Data extract START

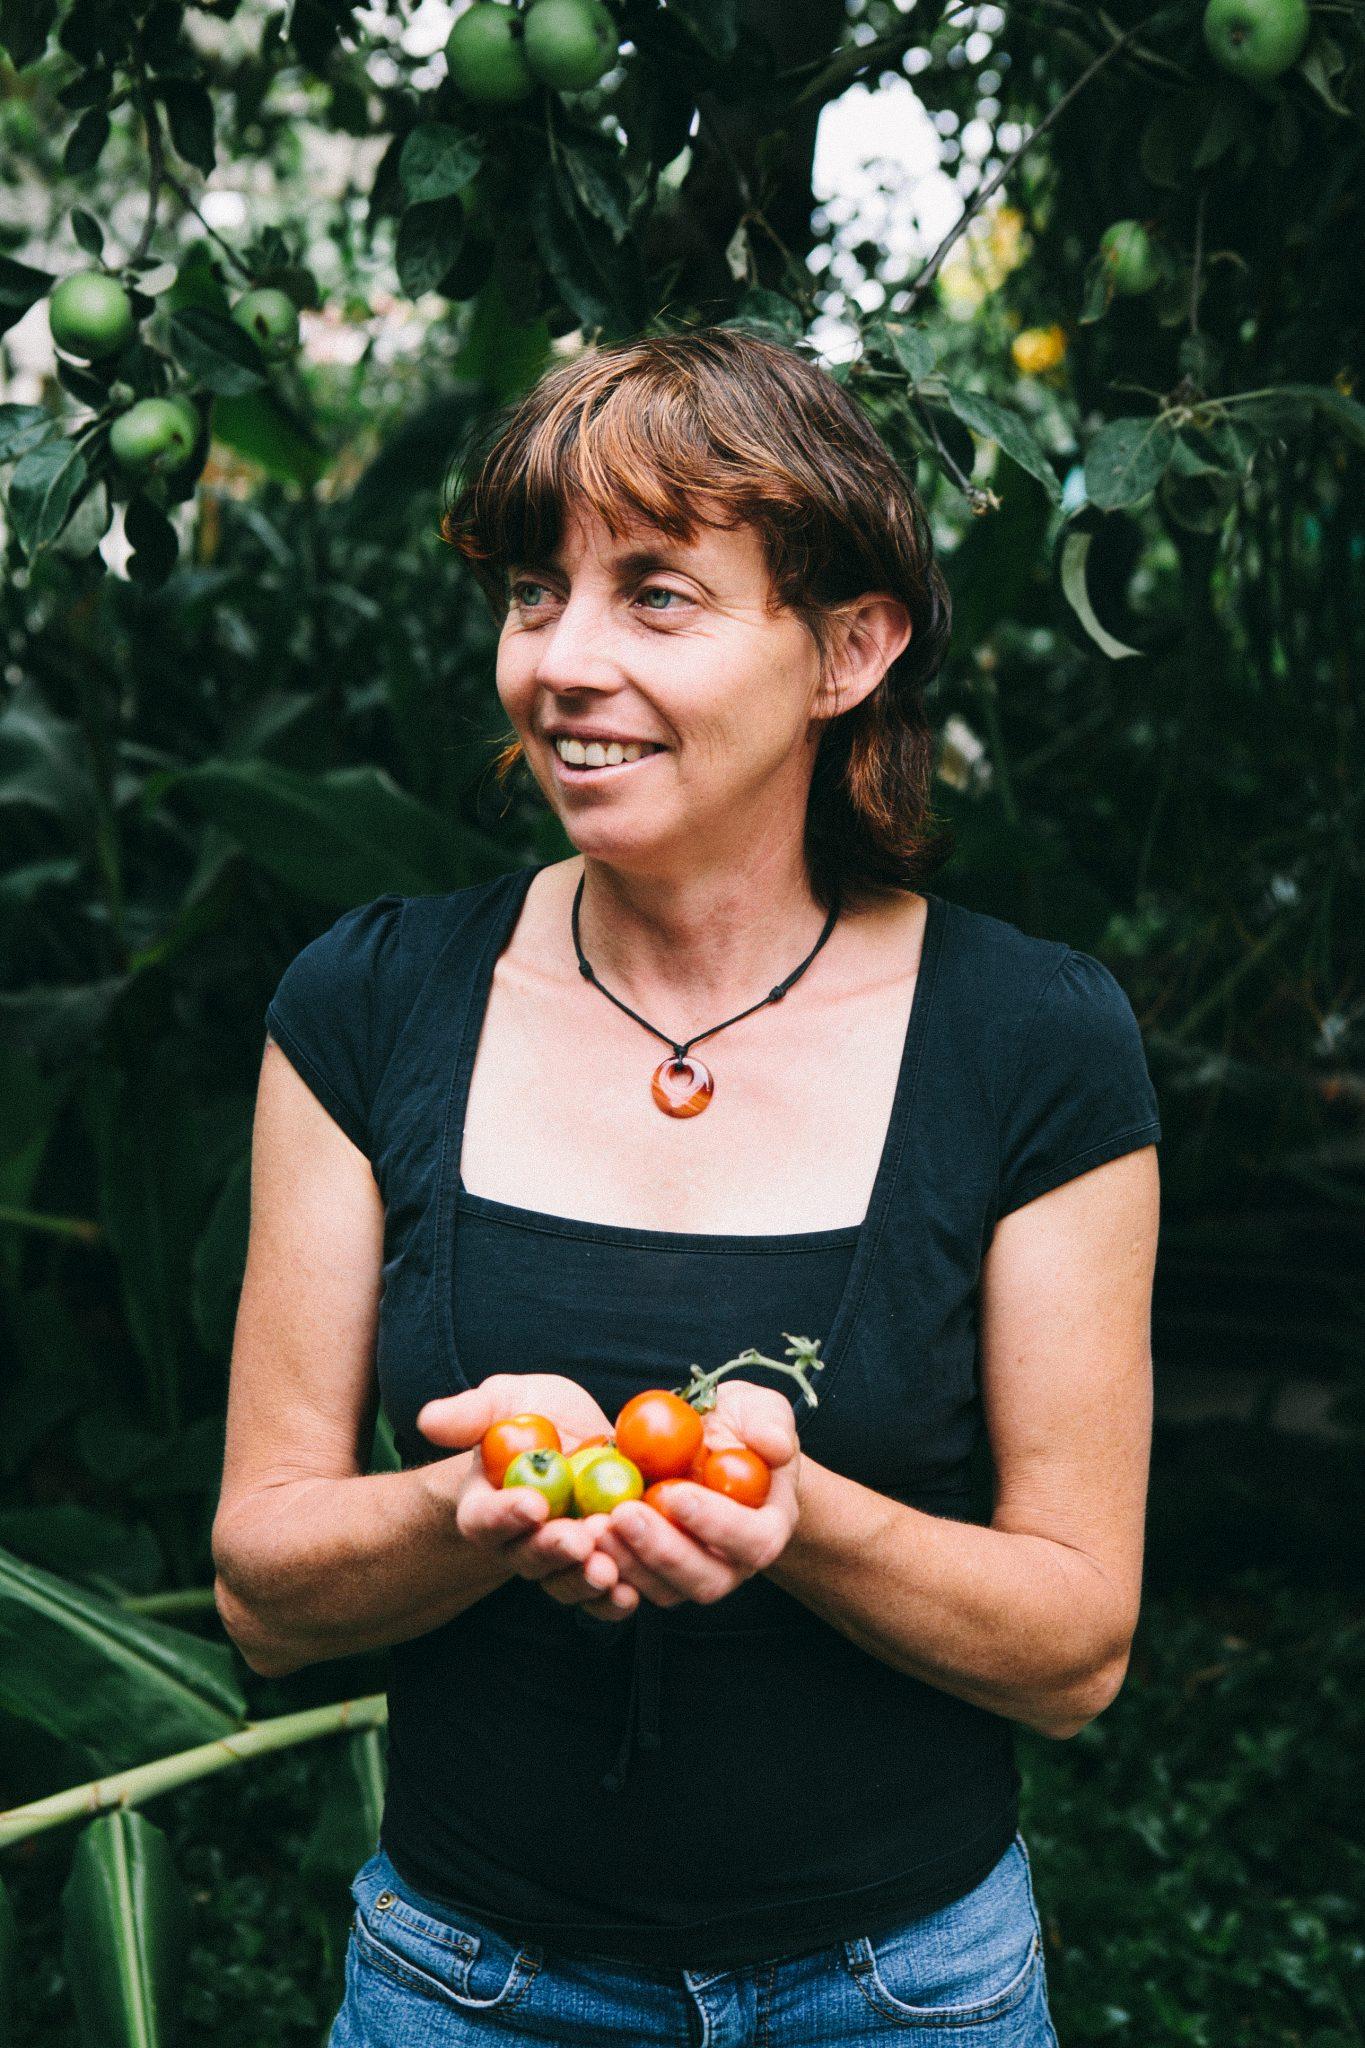 Karen holding tomatoes
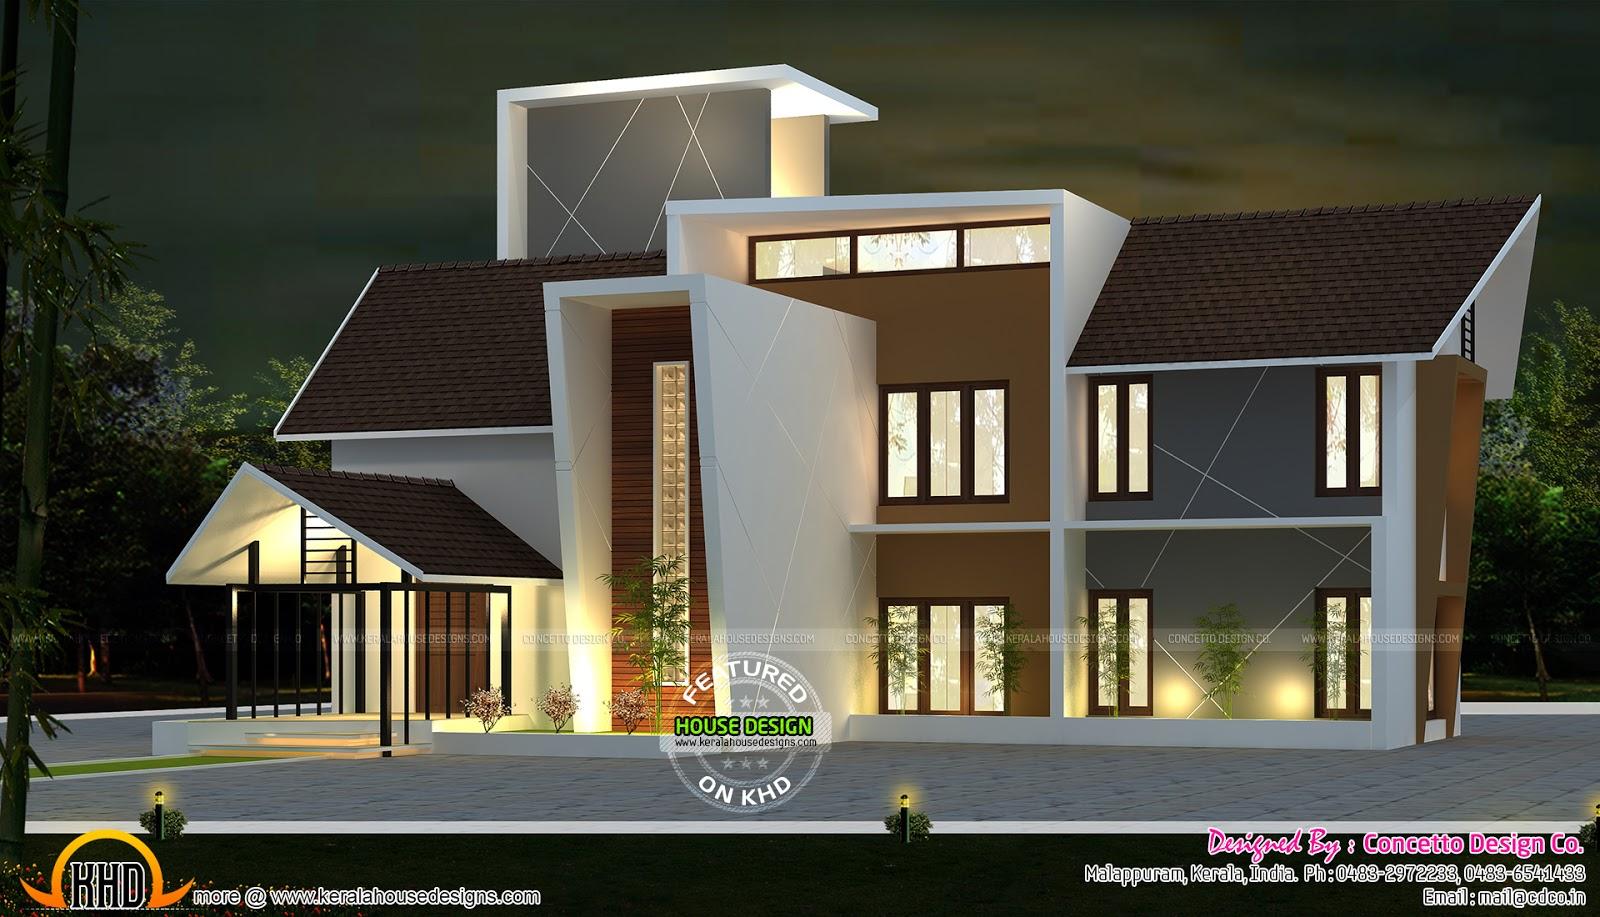 Modern Villa In 2814 Sq Ft Kerala Home Design And Floor
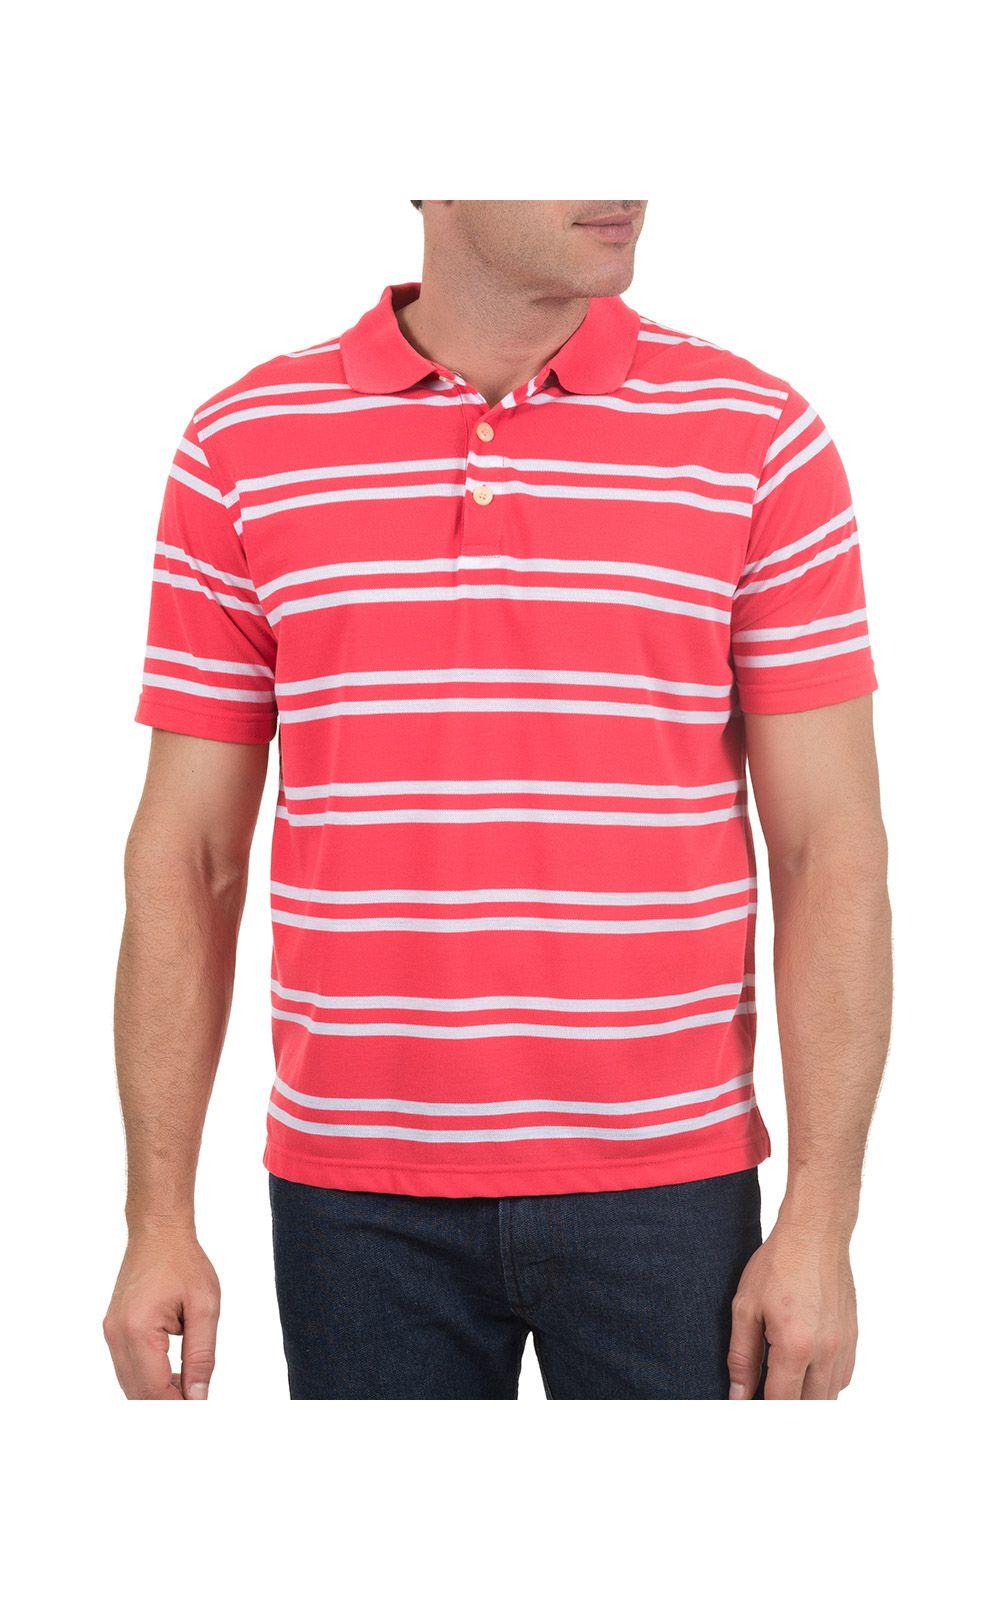 Foto 1 - Camisa Polo Masculina Rosa Listrada

Data extract END

> **Directions**
What is needed is a verbatim copy of the material, minus its pictures.

> **Written answer**
 Karen holding tomatoes
 Modern Villa In 2814 Sq Ft Kerala Home Design And Floor
 Foto 1 - Camisa Polo Masculina Rosa Listrada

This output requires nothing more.